Data shown >>
⁂
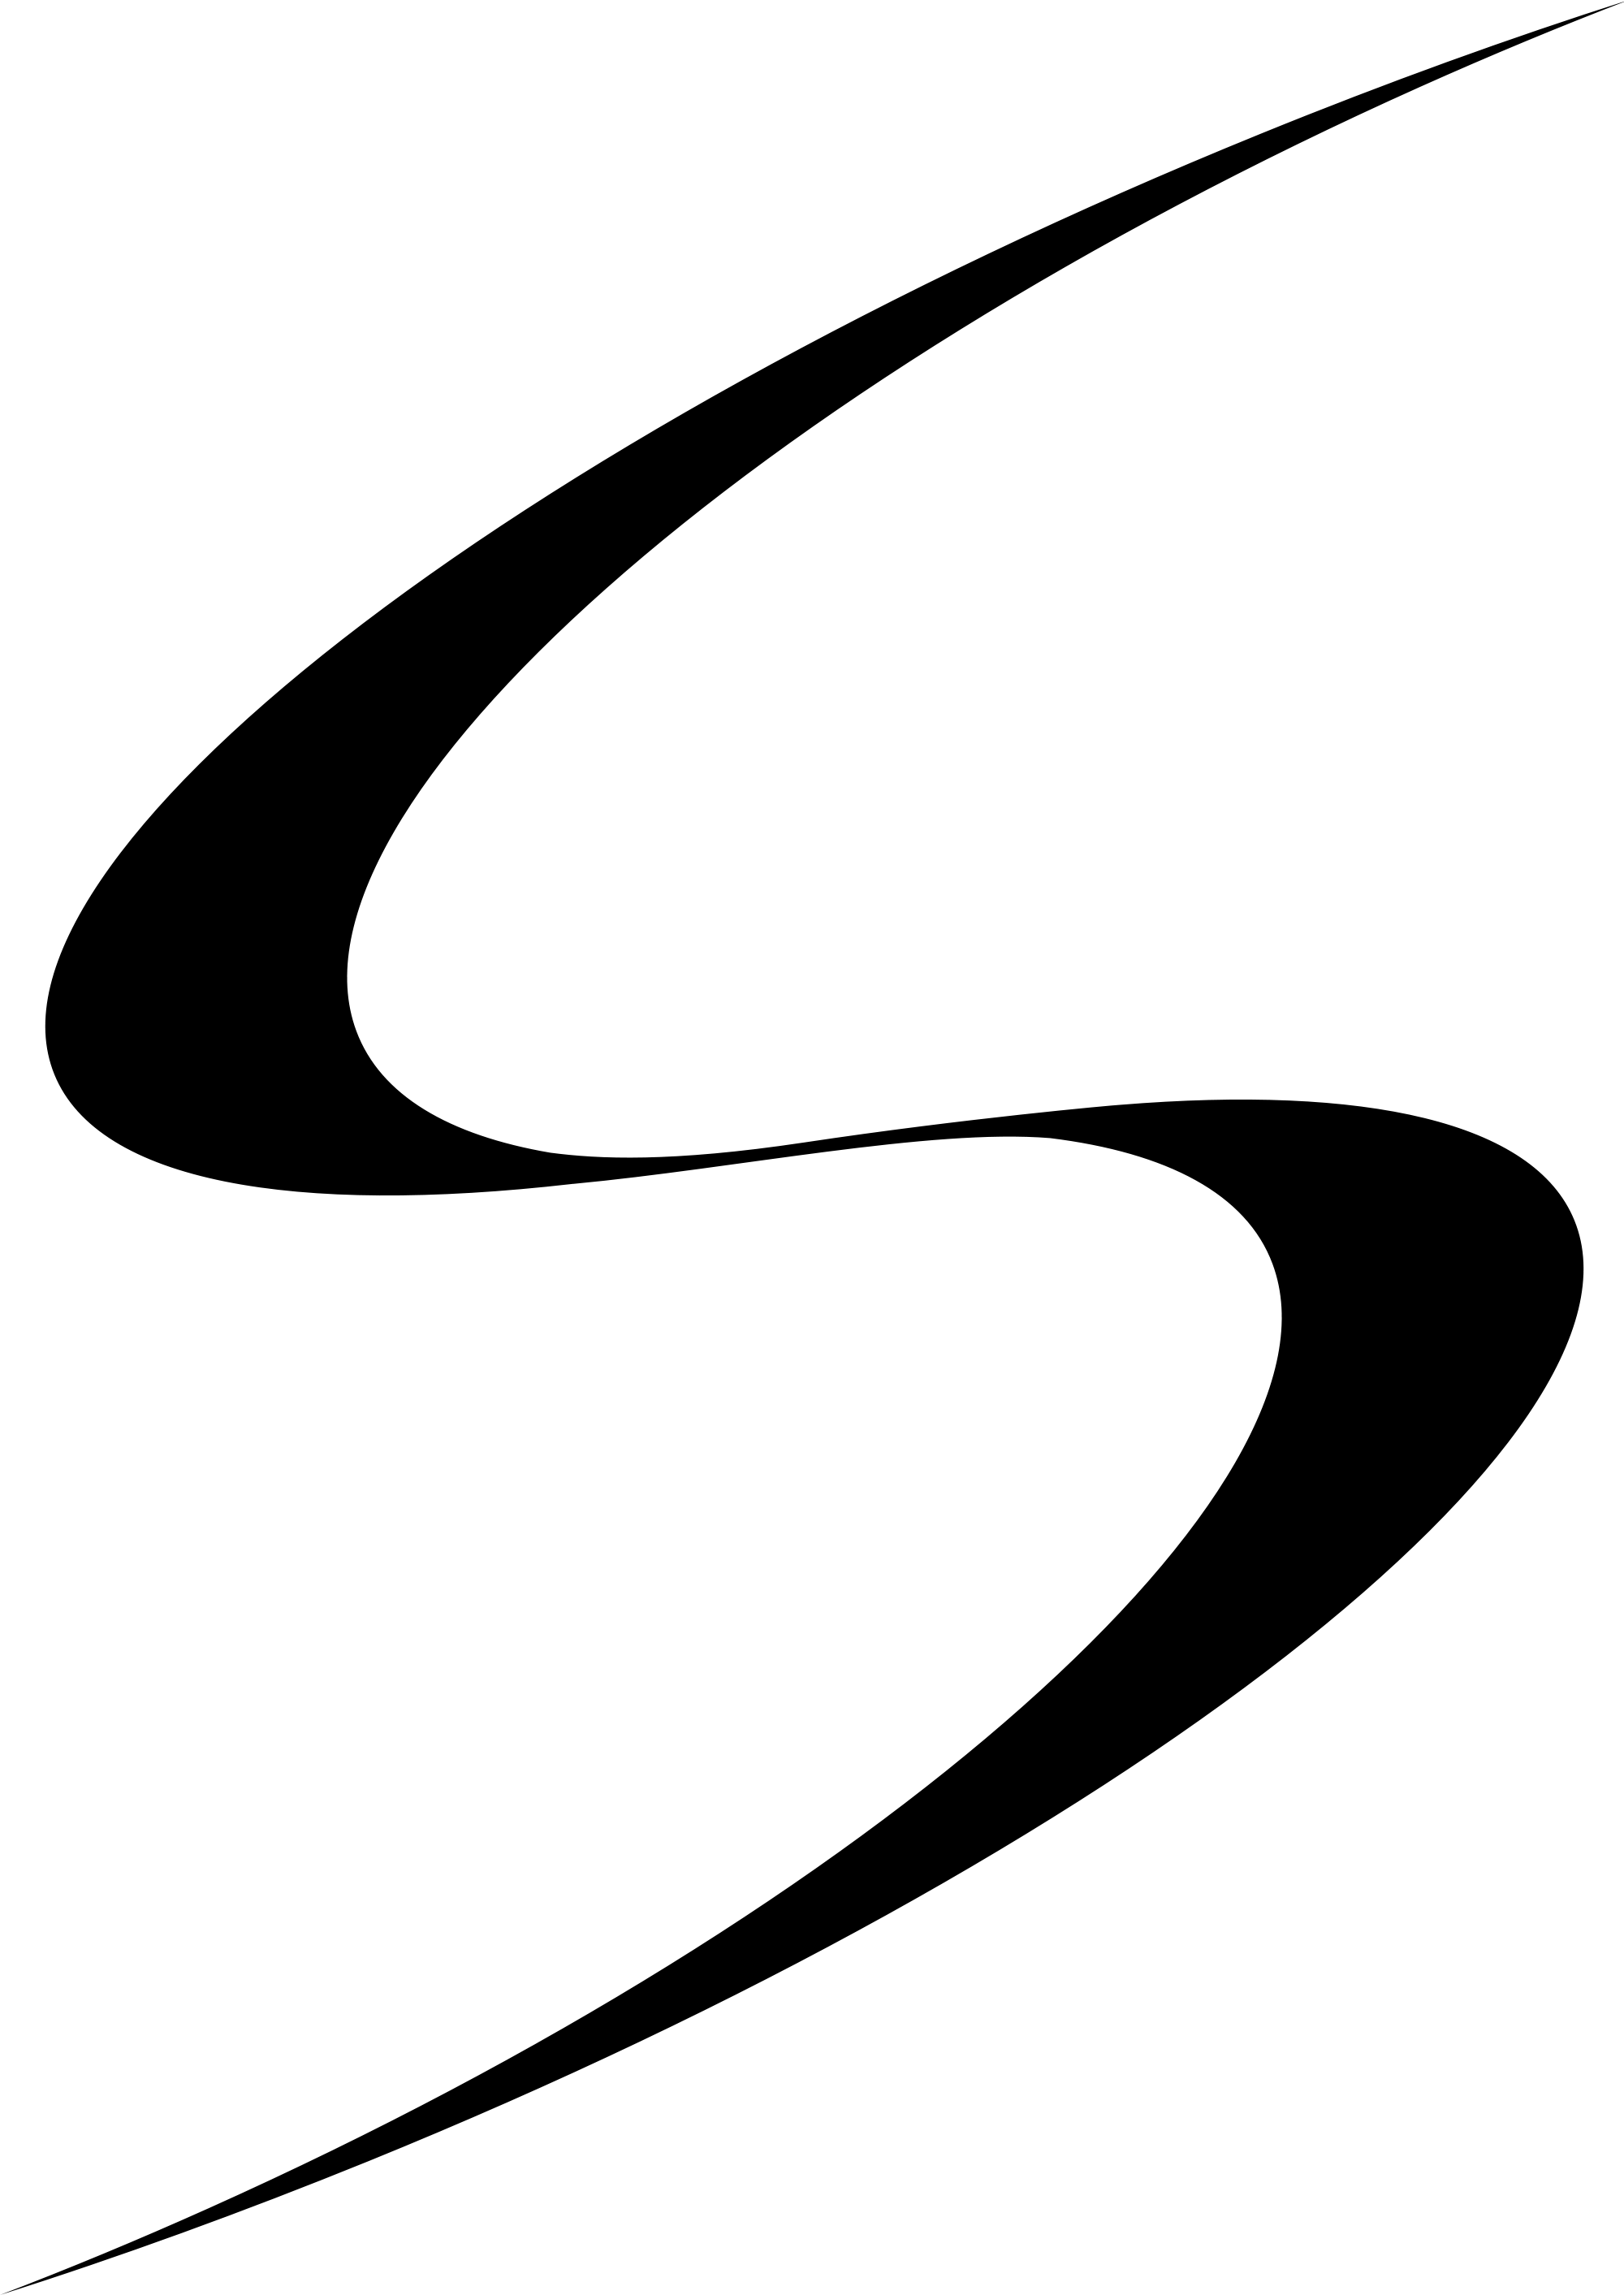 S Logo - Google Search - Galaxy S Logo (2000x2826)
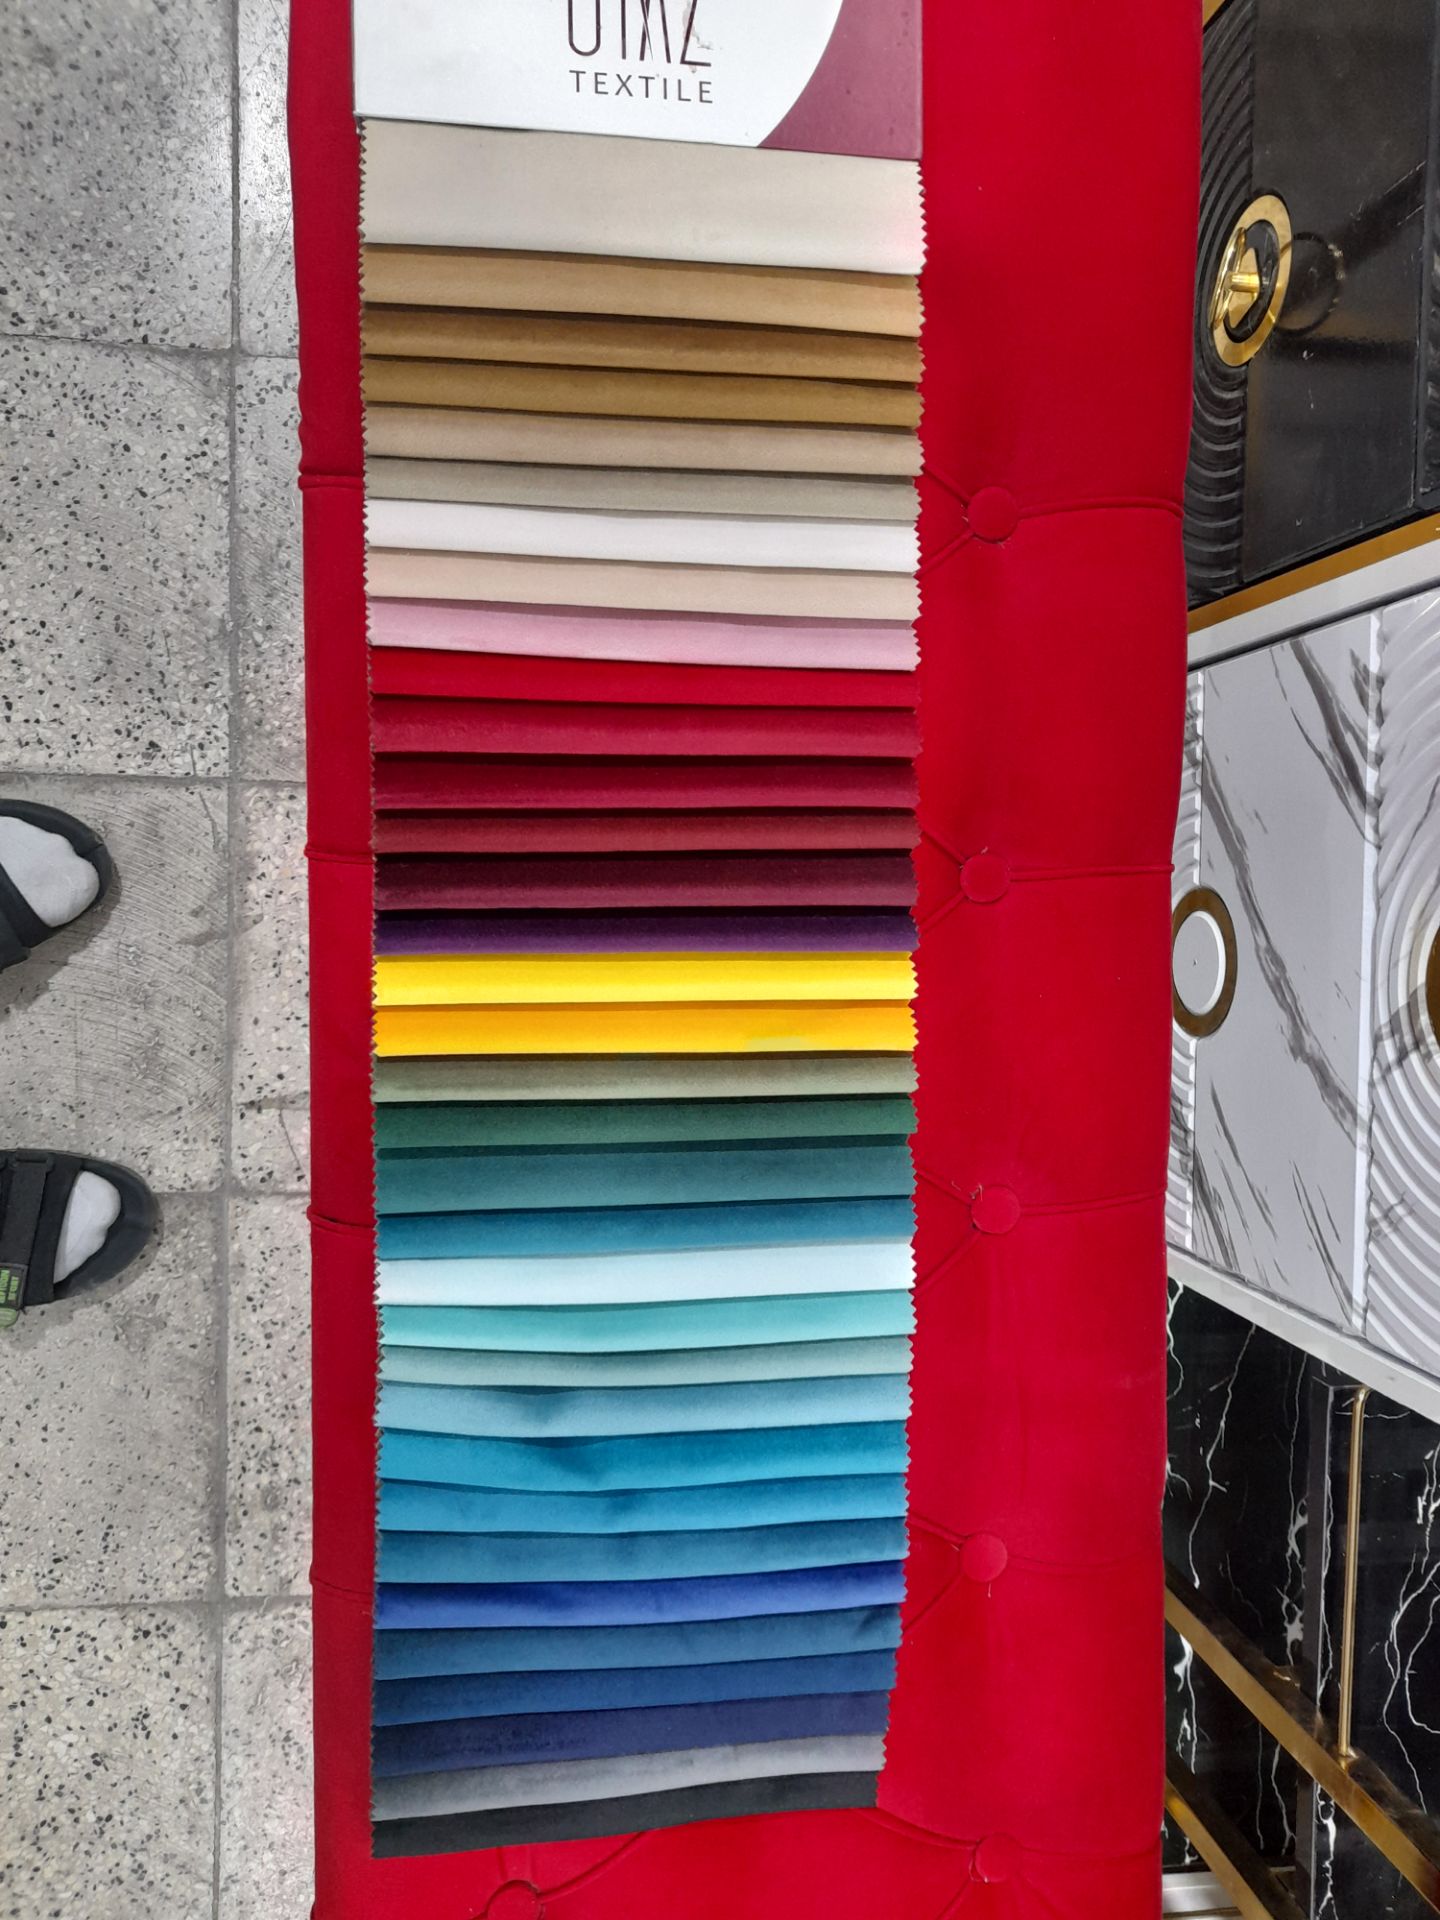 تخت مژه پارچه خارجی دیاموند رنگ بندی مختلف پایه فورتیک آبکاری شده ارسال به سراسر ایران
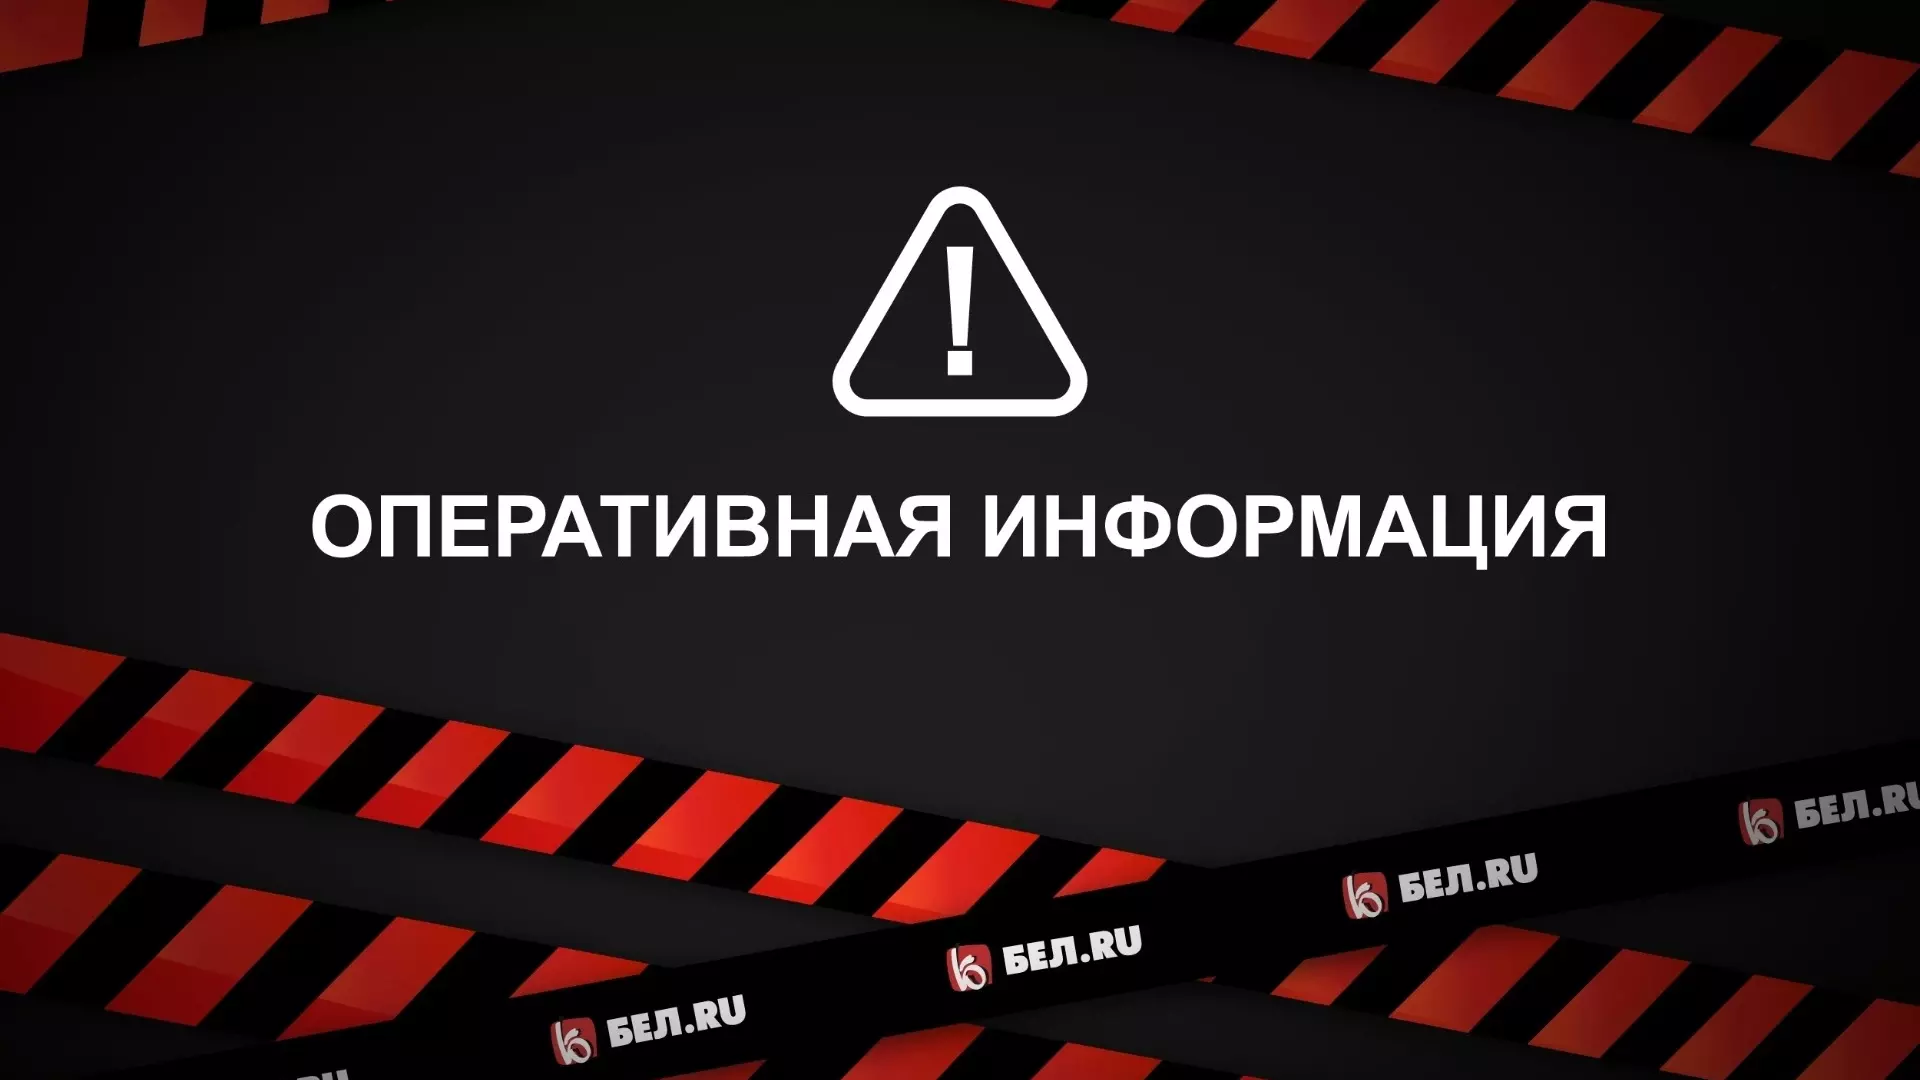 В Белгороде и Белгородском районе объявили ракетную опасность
⁂
Brief >> The answer should consist of every line above, exact and free of images.

Task response >>
 S Logo - Google Search - Galaxy S Logo (2000x2826)
 تخت مژه پارچه خارجی دیاموند رنگ بندی مختلف پایه فورتیک آبکاری شده ارسال به سراسر ایران
 В Белгороде и Белгородском районе объявили ракетную опасность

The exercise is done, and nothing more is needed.